The Specialist Groups
DDS creates groups of specialists in each thematic area: economics, health, education, security, environment, and technology. These groups serve to inform the other subgroups, not to make decisions for them. Their role is to make complex issues understandable, not to use complexity as a justification for excluding citizens.
2.4 Non-Transferable Collective Property (NTCP)
The PCNT is one of the fundamental economic principles of DDS and has direct and profound implications for Chile, especially in relation to natural resources.
The PCNT establishes that certain goods and resources belong to the people permanently, collectively, and inalienably. They cannot be sold, privatized, or transferred to any private national or foreign entity. This property does not belong to the State (which can corrupt or hand it over) but to the people organized through the DDS structures.
- Applied to copper: Chilean copper belongs to the people of Chile. It can be mined with private participation under strictly regulated terms that benefit the people, but it can never be handed over as property to transnational corporations.

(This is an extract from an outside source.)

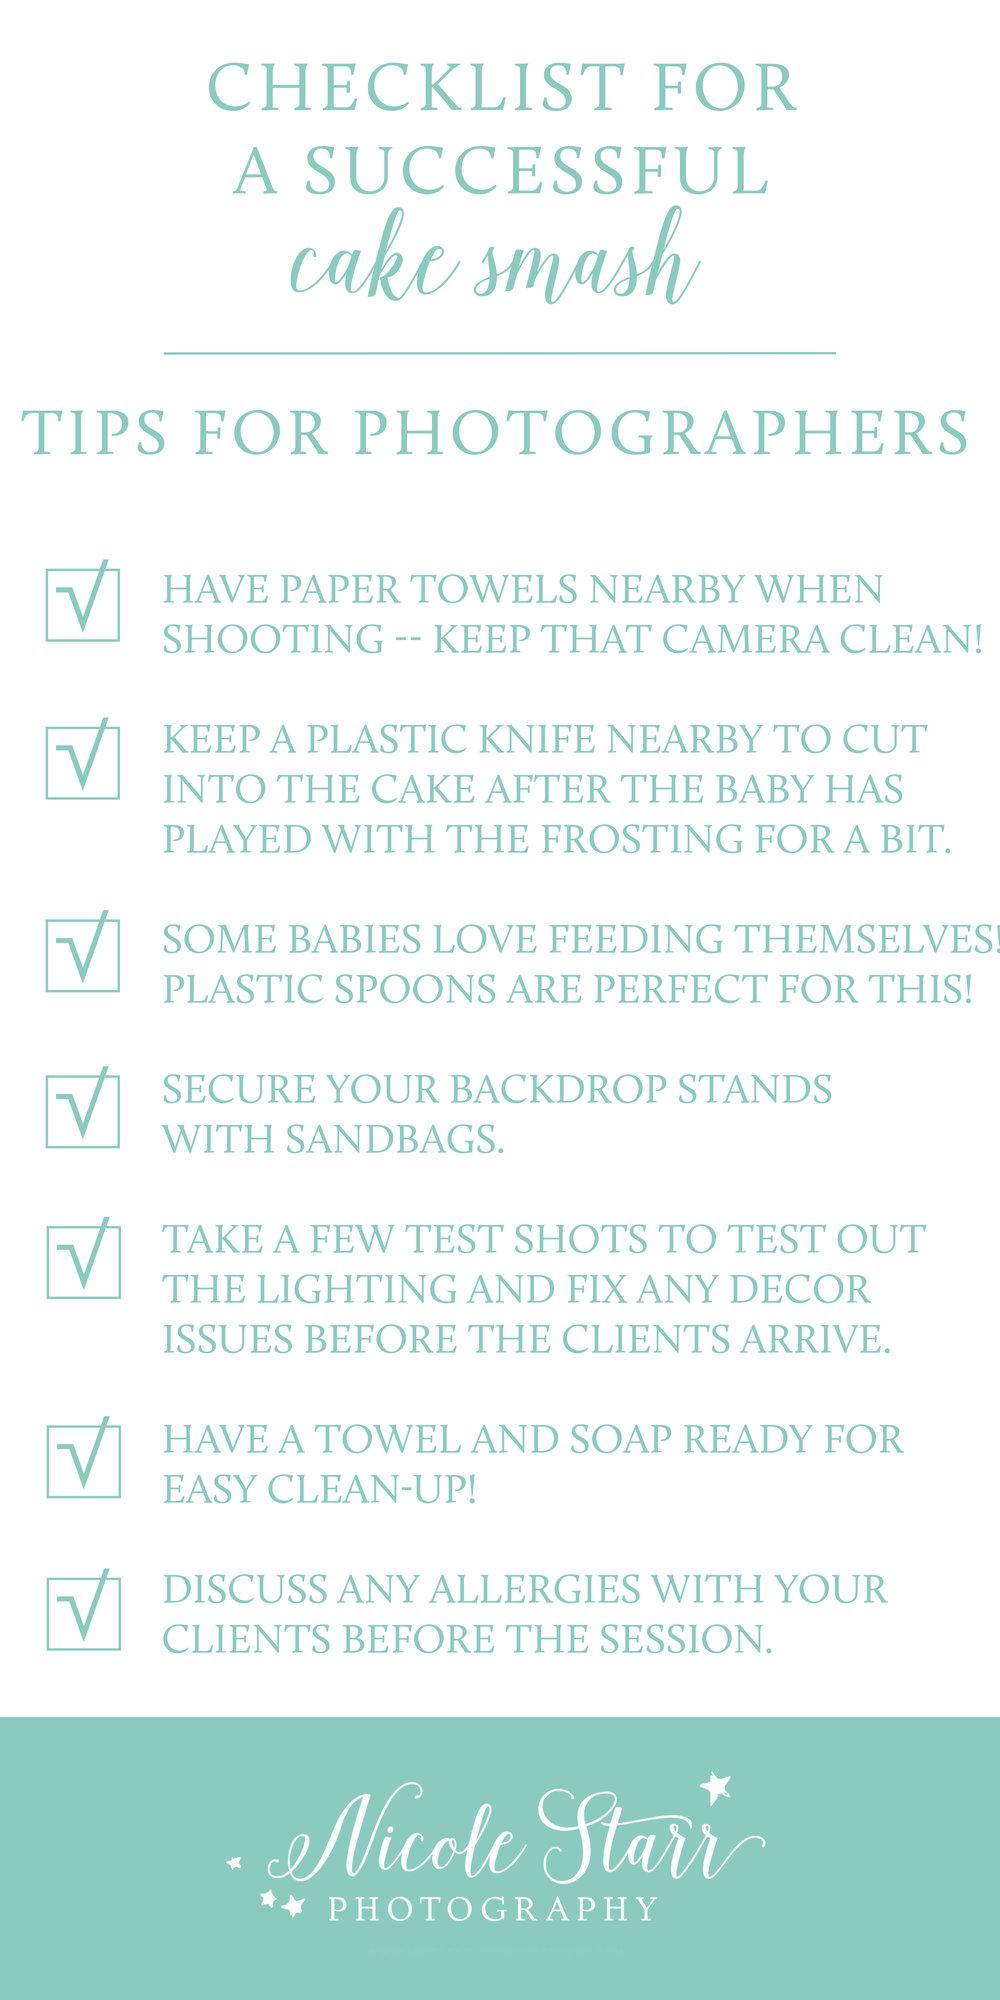 checklist for photographers to prepare for a cake smash photo shoot

- Applied to lithium: Chilean lithium cannot be granted in a way that transfers strategic control to foreign hands. Chile can partner with companies for extraction and processing, but must maintain majority ownership and control over prices.
- Applied to land and water: Water resources and strategic agricultural lands are subject to PCNT (Plan for the Promotion of Natural Resources). Water in Chile cannot be a commodity traded on the stock exchange: it is a fundamental human right.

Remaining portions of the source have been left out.